In this regard, many have argued that the amended constitution that incorporated many of the Taif agreement themes needs to be revisited in order to address ambiguities that affected the proper functioning of the institutions.

Proponents of this argument fail to realize that the Lebanese Constitution is designed to serve a power-sharing political system that rests on cooperation between the elites who, in turn, represent the interests of their communities.

Any deadlock in this system, therefore, should not be simply resolved by looking to the constitution for proper and straightforward arbitration. Rather, it requires communal consultation and cooperation outside constitutional institutions.

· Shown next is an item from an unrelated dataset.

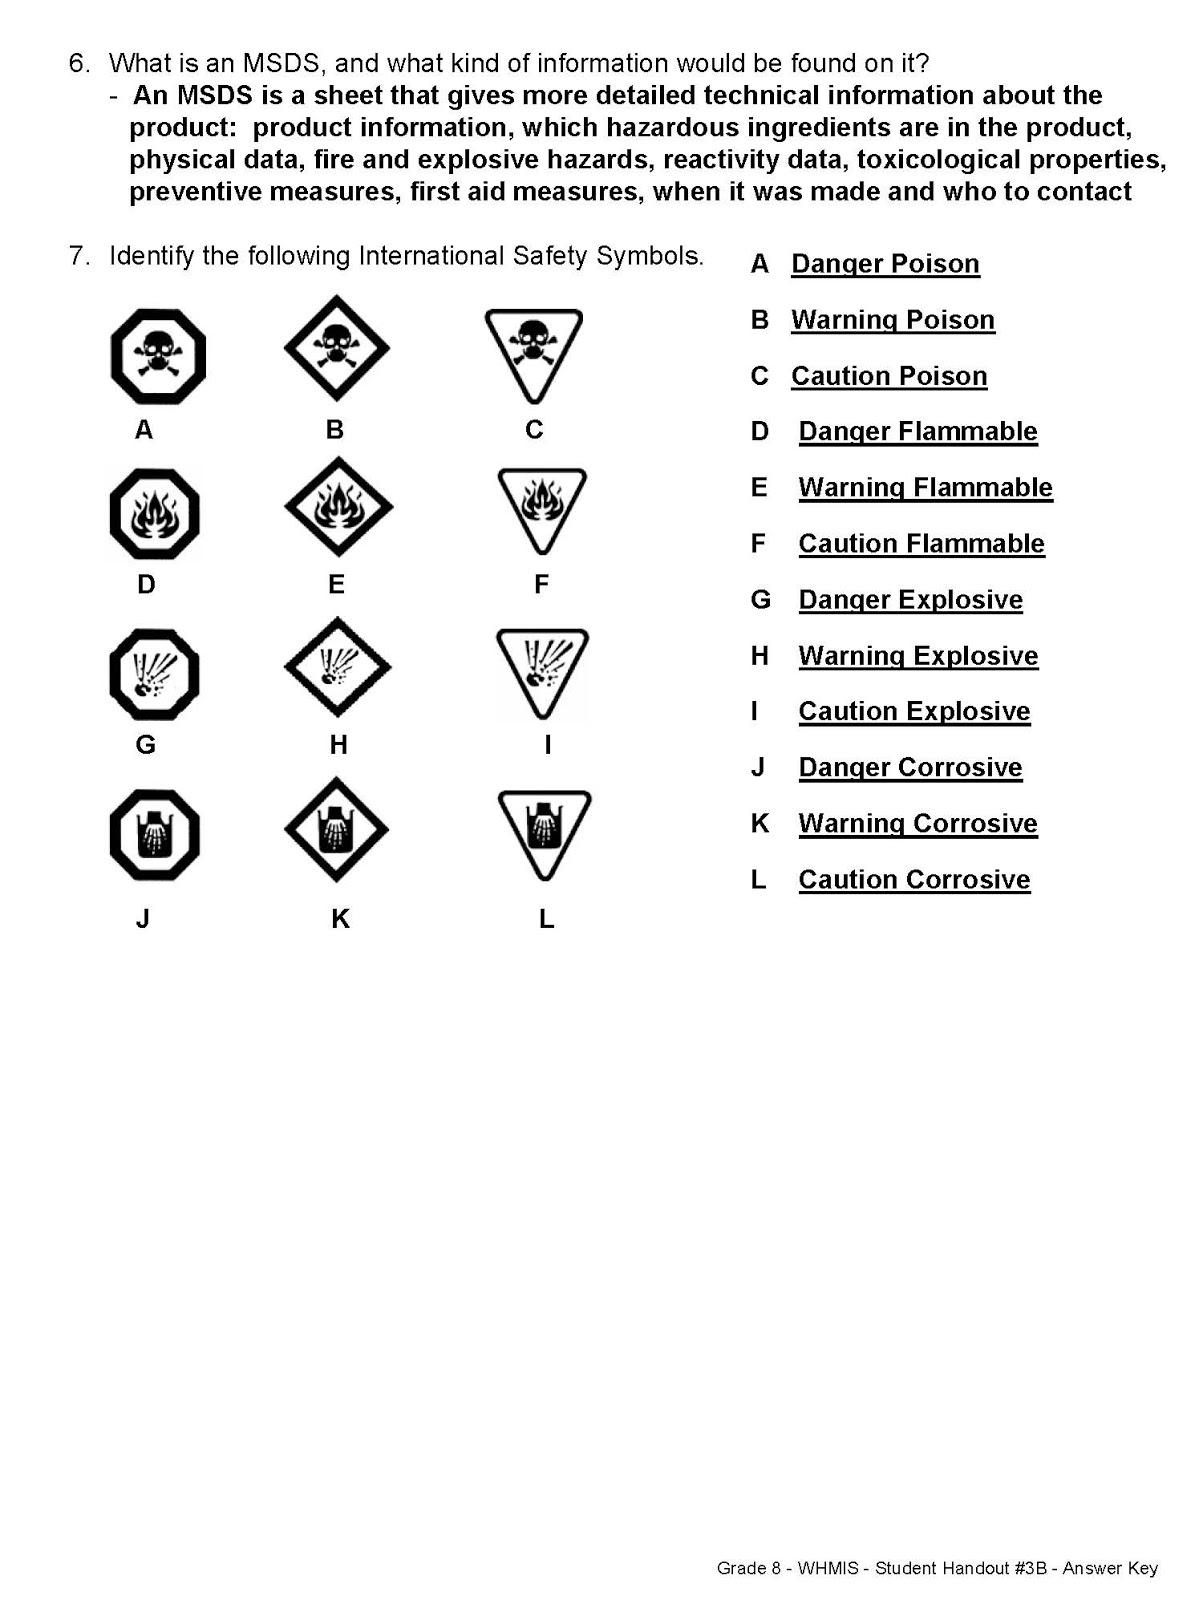 Science Safety Symbols Worksheet Free state diagram in uml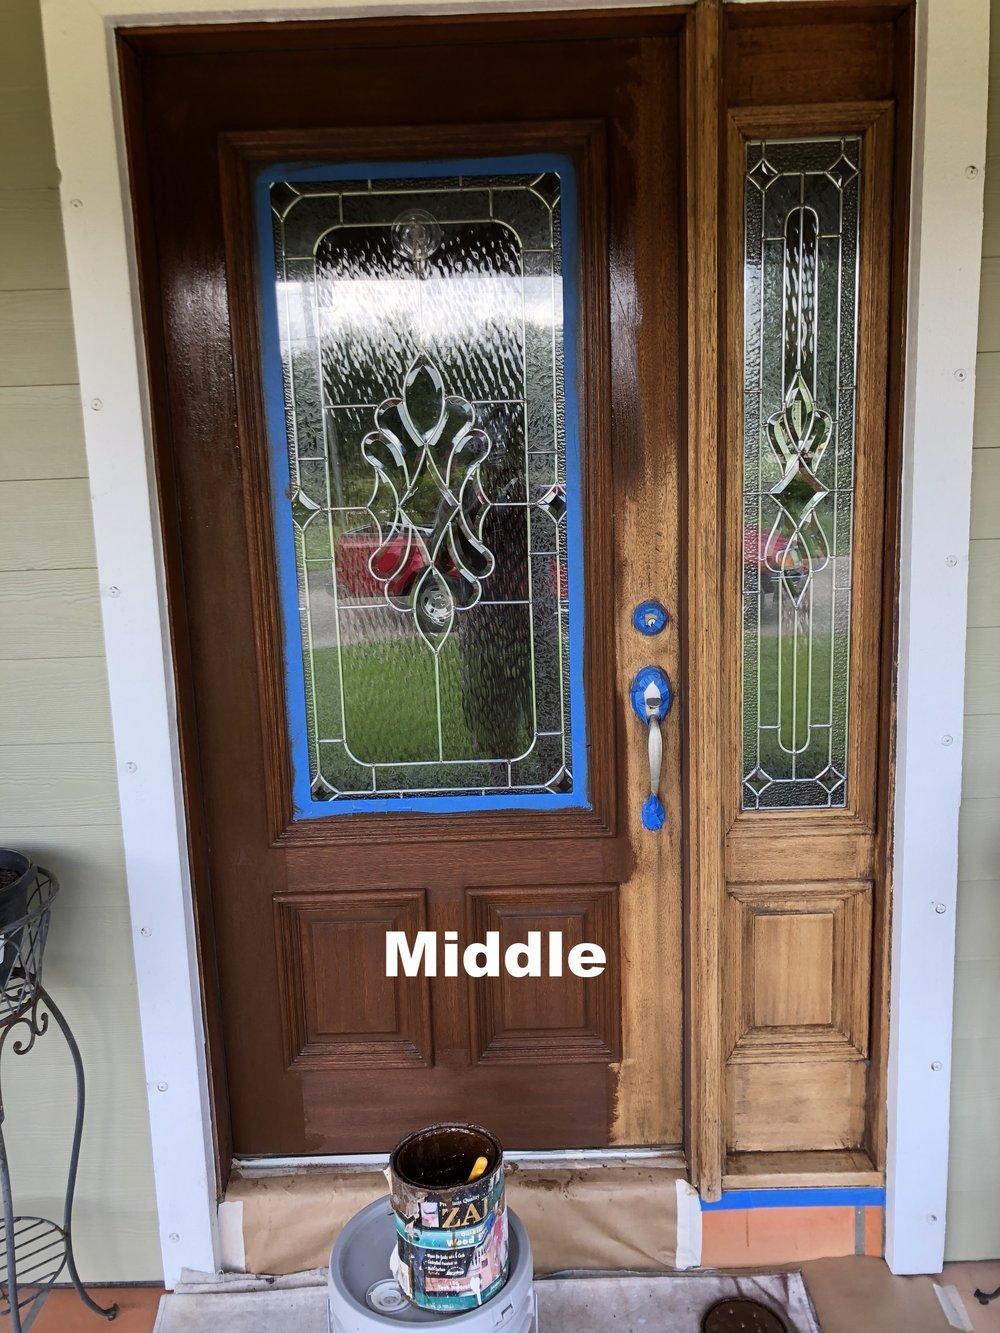 Middle.JPG

Syrian Soldiers Arab Green Helmets Lebanon History 1976

Another issue that has been repeatedly raised is that the Taif constitution needs to be revisited so as to take into account changes in the balance of power and demographics between the various sectarian communities. The argument here is that the confessional parity that was introduced in the Taif agreement has expired and thus there is a need for a power-sharing formula.

The main methodological problem with this argument is that it implies that the power-sharing formula should change continuously and be modified to reflect communal power on the ground. In other words, the power-sharing principal should be transformed from a constant to a variable.

On the 25th anniversary of the Taif agreement, it is safe to wonder whether an objective, constructive and practical debate on the Taif constitution is possible given drastic regional changes and upheavals.

The existential question remains, however, whether such a debate can be launched given the presence of a political and military entity — Hezbollah — that participates in the political system and its constitutional institutions, but at the same time has established its own independent political system with all its relevant symbols, such as an army, flag, socio-economic institutions, border management, as well as air and naval power.

Unfortunately, the 25th anniversary of the Taif agreement is yet another sad reminder of the schizophrenia of both the Lebanese people and their system, something which will surely survive for the next 25 years, if not beyond.

Khalil Gebara is a Lecturer of Political Science at the American University of Beirut. Makram Rabah is a PhD candidate at Georgetown University’s History Department.